JEPA-DNA implements a genomic foundation model that combines generative pretraining with a joint-embedding predictive objective, so the model learns both local nucleotide patterns and broader functional structure from DNA sequences. Benchmarking uses the GFMBench-API evaluation library (install separately; see GFMBench-API clone and PYTHONPATH below).

For reproducibility, the repository includes model-specific paper reproduction parameter files under jepa_dna/reproduce_params_files; see Reproduce paper runs (model-specific params.json).

Quick Start

Installation

  1. Create a virtual environment (choose one option):

    Option A: Using pip (venv)

    python -m venv jepa_dna_env
    source jepa_dna_env/bin/activate

    Option B: Using conda

    conda create -n jepa_dna_env python=3.10
    conda activate jepa_dna_env
  2. Install dependencies:

    pip install -r requirements.txt
  3. (Optional, GPU users) Check CUDA availability:

    python -c "import torch; print(torch.cuda.is_available())"
  4. (Optional, for DNABERT-2 with flash attention):

    pip install flash-attn --no-build-isolation

    The default requirements.txt targets workflows that use DNABERT-2 and related stacks. Other encoders may need extra packages—install those separately.

  5. (Optional) If you use Hugging Face caches heavily, set cache locations, for example:

    export HF_HOME=/path/to/hf_home
    export HF_DATASETS_CACHE=/path/to/hf_datasets_cache

GFMBench-API clone and PYTHONPATH

Benchmarks import both this repository and a local GFMBench-API checkout. Clone the evaluation library (not installed as a pip package from this README):

git clone https://github.com/NVIDIA/GFMBench-api.git

Repository: https://github.com/NVIDIA/GFMBench-api

From the JEPA-DNA repository root, point PYTHONPATH at both repo roots:

cd /path/to/JEPA-DNA
export PYTHONPATH=/path/to/JEPA-DNA:/path/to/GFMBench-api

Then verify imports:

python -c "import jepa_dna; import gfmbench_api"

Pretraining

The first (and only) argument is training_dir, a directory you choose for a given run. It plays three roles:

  1. Input: Before starting, the directory must already contain params.json with the training configuration (use jepa_dna/example_params.json as a template).
  2. Output — logs: While training, the pretrainer writes a timestamped log file in this directory, e.g. training_log_<timestamp>.txt.
  3. Output — checkpoints: Final (and periodic, per params.json) weights are saved here, including context_encoder_final.pt, target_encoder_final.pt, and predictor_final.pt (exact filenames depend on objectives). The script may also create auxiliary folders such as git_reproduce/ for reproducibility metadata.

So training_dir is both the config location and the run’s log/checkpoint root; use a dedicated path per experiment so outputs do not overwrite each other.

python ./jepa_dna/run_jepa_pretrain.py /path/to/training_dir

Required path update (Pretraining stage):

  • Open jepa_dna/run_jepa_pretrain.py.
  • Locate root_data_dir = "/data/sense/common/data/".
  • Replace it with the absolute path to your dataset root.

This root is used for the pretraining datasets (for example, pretrain/ under that directory) and checkpoint-time evaluation tasks invoked during training.

To restrict GPUs:

CUDA_VISIBLE_DEVICES=0,1,2,3 python ./jepa_dna/run_jepa_pretrain.py /path/to/training_dir

Reproduce paper runs (model-specific params.json)

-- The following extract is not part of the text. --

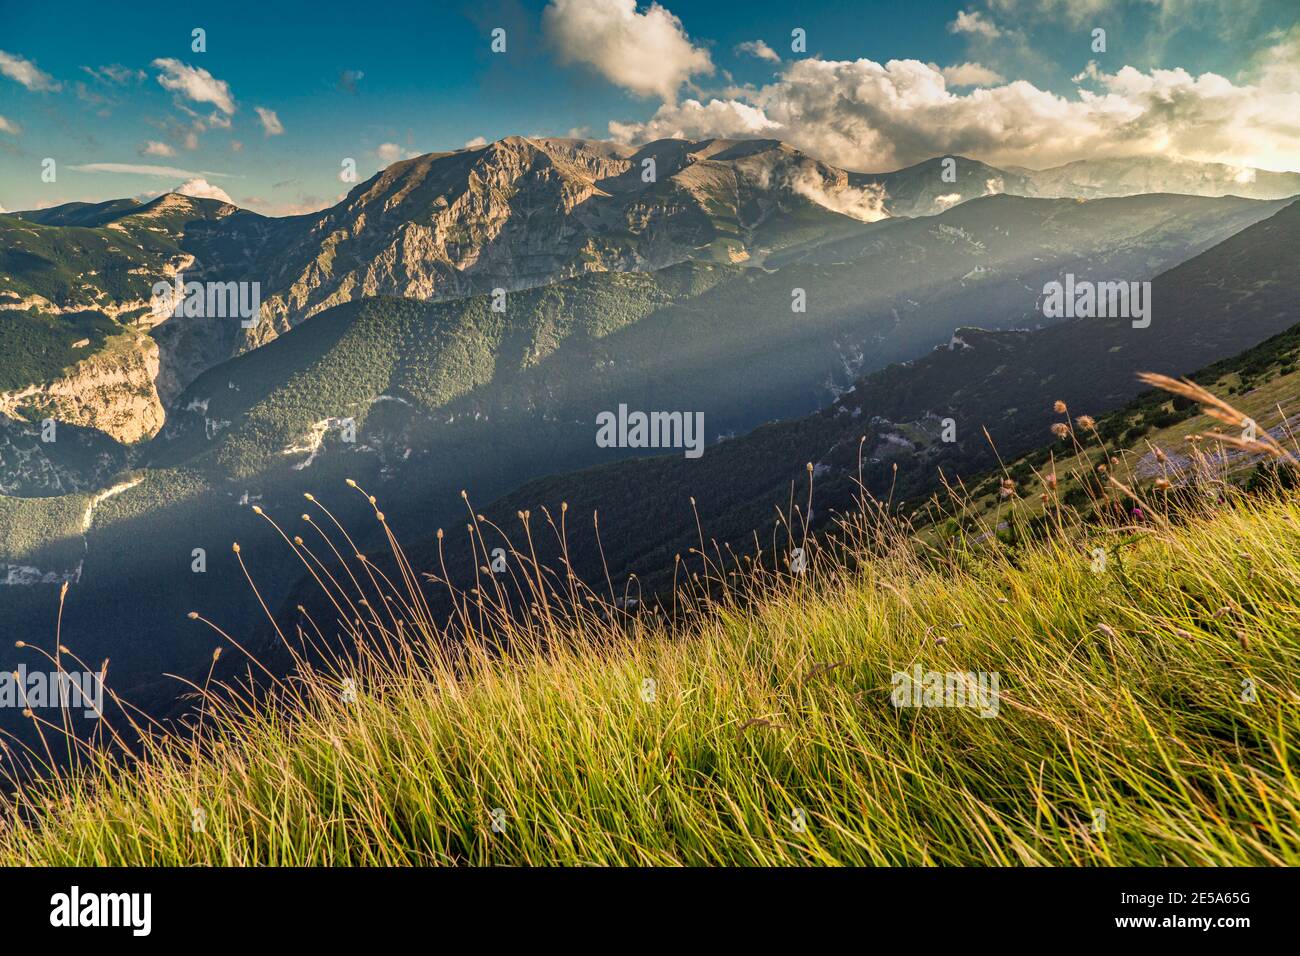 Los últimos rayos del sol iluminan el Monte Acquaviva y la cima de la sierra de Murelle de la Maiella. Parque Nacional Maiella, Abruzzo, Italia Foto de stock

Pre-configured parameter files for paper reproduction are provided in:

  • jepa_dna/reproduce_params_files/params_dnabert2.json
  • jepa_dna/reproduce_params_files/params_ntv3.json
  • jepa_dna/reproduce_params_files/params_hyenadna.json

For each run, create a fresh experiment directory, copy the relevant file, rename it to params.json, then launch pretraining.

Example (DNABERT-2):

EXP_DIR=/path/to/experiments/dnabert2_repro
mkdir -p "$EXP_DIR"
cp ./jepa_dna/reproduce_params_files/params_dnabert2.json "$EXP_DIR/params.json"
python ./jepa_dna/run_jepa_pretrain.py "$EXP_DIR"

Example (NTv3):

EXP_DIR=/path/to/experiments/ntv3_repro
mkdir -p "$EXP_DIR"
cp ./jepa_dna/reproduce_params_files/params_ntv3.json "$EXP_DIR/params.json"
python ./jepa_dna/run_jepa_pretrain.py "$EXP_DIR"

Example (HyenaDNA):

EXP_DIR=/path/to/experiments/hyenadna_repro
mkdir -p "$EXP_DIR"
cp ./jepa_dna/reproduce_params_files/params_hyenadna.json "$EXP_DIR/params.json"
python ./jepa_dna/run_jepa_pretrain.py "$EXP_DIR"

Notes:

  • Keep one params.json per experiment directory to avoid accidental overwrites.
  • The run writes logs/checkpoints into the same EXP_DIR.
  • If needed, set CUDA_VISIBLE_DEVICES as shown above before the python command.

GFMBench-API evaluation

Run GFMBench tasks through the JEPA-DNA benchmark driver. Example:

python ./jepa_dna/run_benchmark.py \
  --csv_path ./logs/benchmark_report.csv \
  --report_algo_name my_run \
  --model DNABERT2 \
  --checkpoint_path /path/to/optional_checkpoint.pt \
  --epochs 3 \
  --linear_prob \
  --seed 0

Required path update (Benchmark stage):

  • Open jepa_dna/run_benchmark.py.
  • Locate root_data_dir_path = "/data/sense/common/data".
  • Replace it with the absolute path to your GFMBench data root.

Benchmark tasks read datasets relative to this root, so using the wrong path will cause task loading failures.

Flags (see parse_args in jepa_dna/run_benchmark.py):

Flag Role
--csv_path CSV path for the benchmark report (loads if present, saves here)
--report_algo_name Label for this model in the report
--model One of: DNABERT2, DNABERT, NTv3_8M, NTv3_100M, Caduceus, HyenaDNA
--checkpoint_path Optional checkpoint; omit for default Hugging Face weights
--epochs Fine-tuning epochs for supervised tasks
--linear_prob Train only the head (linear probing) instead of full fine-tuning
--seed Random seed for reproducibility
--disable_safe_model_call Let model errors propagate (debugging)

Repository layout

JEPA-DNA/
├── jepa_dna/
│   ├── run_jepa_pretrain.py    # JEPA pretraining entrypoint
│   ├── run_benchmark.py        # Benchmark driver (GFMBench + JEPA models)
│   ├── example_params.json     # Example training configuration
│   ├── reproduce_params_files/ # Model-specific params files for paper reproduction
│   ├── train/                  # Pretraining and fine-tuning
│   ├── models/                 # Encoders and baselines
│   └── jepa_data/              # Data utilities
├── requirements.txt
├── LICENSE
├── SECURITY.md
└── THIRD_PARTY_NOTICES.md

NOTICE

This project will download and install additional third-party open source software projects, including datasets licensed with non-commercial terms. Review the license terms of these open source projects before use.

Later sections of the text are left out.